Aaron, tu décris le disque comme “un voyage qui commence par le fait d’avoir été abusé par certaines personnes, en passant par des sentiments de vengeance et des questions de doute, avant de se terminer par une réflexion sur soi et une révélation”. On en revient une nouvelle à ce sentiment à cette idée de concept avec l’atmosphère qui se dégage de cet album. Mais pourquoi était-il nécessaire de parler de ces traumatismes ? Est-ce que cet album est une psychothérapie, comme un album cathartique ?
Aaron : Oui ! Complétement !
La santé mentale et le mal-être sont un fil conducteur dans ma vie
Et ces traumatismes évoqués relèvent du vécu ?
Aaron : J’ai un peu plus exploré. Par exemple, le morceau de ‘Banshee’ n’est pas forcément du vécu. Les paroles sont venues après la musique, ce qui n’est pas toujours le cas.
Mais on parlait du fil conducteur tout à l’heure, la santé mentale et le mal-être sont un fil conducteur dans ma vie ou tout du moins dans ce que j’ai pu vivre par le passé…
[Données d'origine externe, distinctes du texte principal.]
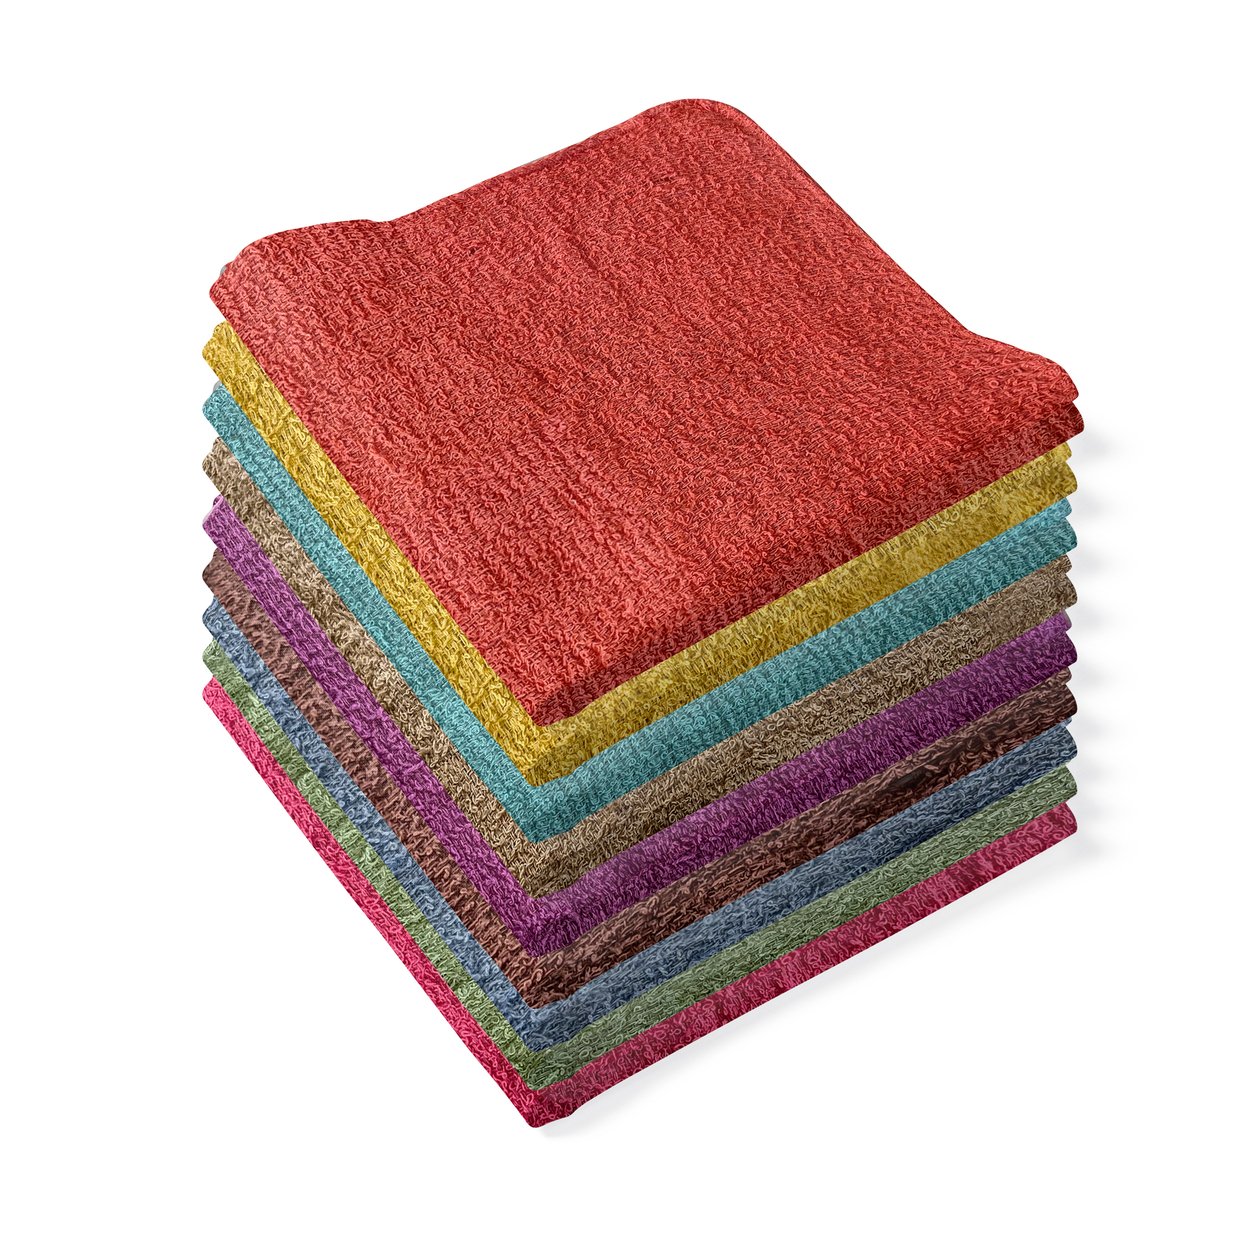 Bargain Hunters 3-Pack: 100% Ultra-Soft Absorbent Cotton Multipurpose Cleaning Wash Cloths

… « par le passé », cela signifie que peut-être grâce à la musique et son aspect cathartique, est-ce que tu es mieux aujourd’hui ?
Aaron : Oui, oui ! Parfois, j’étais assez surpris de ce qui sortait quand j’écrivais. Je me rendais compte en fait à quel point j’allais mal, et finalement j’ai fini par me faire soigner et heureusement, ça va mieux aujourd’hui ! Mais oui, ça aide beaucoup et c’est très connu que d’écrire, c’est magnifique.
Je voulais avoir une sorte de personnalité publique mais maintenant, je m’en fous !
A l’inverse, ne crains-tu pas de trop te dévoiler en te mettant ainsi à nu ?
Aaron : Quand j’étais plus jeune, j’avais peur de ça. Je voulais avoir une sorte de personnalité publique mais maintenant, je m’en fous !
Aaron tu définis ce disque comme sadique. Est-ce que vous aimez être sadique et faire mal aux oreilles de l’auditeur ?
Luka : Ça arrive (Rires) ! En termes de son, ça a pu arriver de vraiment chercher le désagréable. Sur certains morceaux, je pense notamment à ‘Good Morning’, il y a une volonté de retranscrire des émotions, des sensations qui ne sont pas forcément agréables et donc oui, être un peu sadique avec les oreilles des gens, pourquoi pas…
Tu évoquais ‘Good Morning’ qui est un pied de nez aux conventions, alors qu’on s’attend à quelque chose de doux, ce n’est finalement pas le cas…
Luka : C’est pour ça qu’on a choisi ce titre. Le morceau avait été complètement écrit et on cherchait le titre et Aaron a eu cette idée.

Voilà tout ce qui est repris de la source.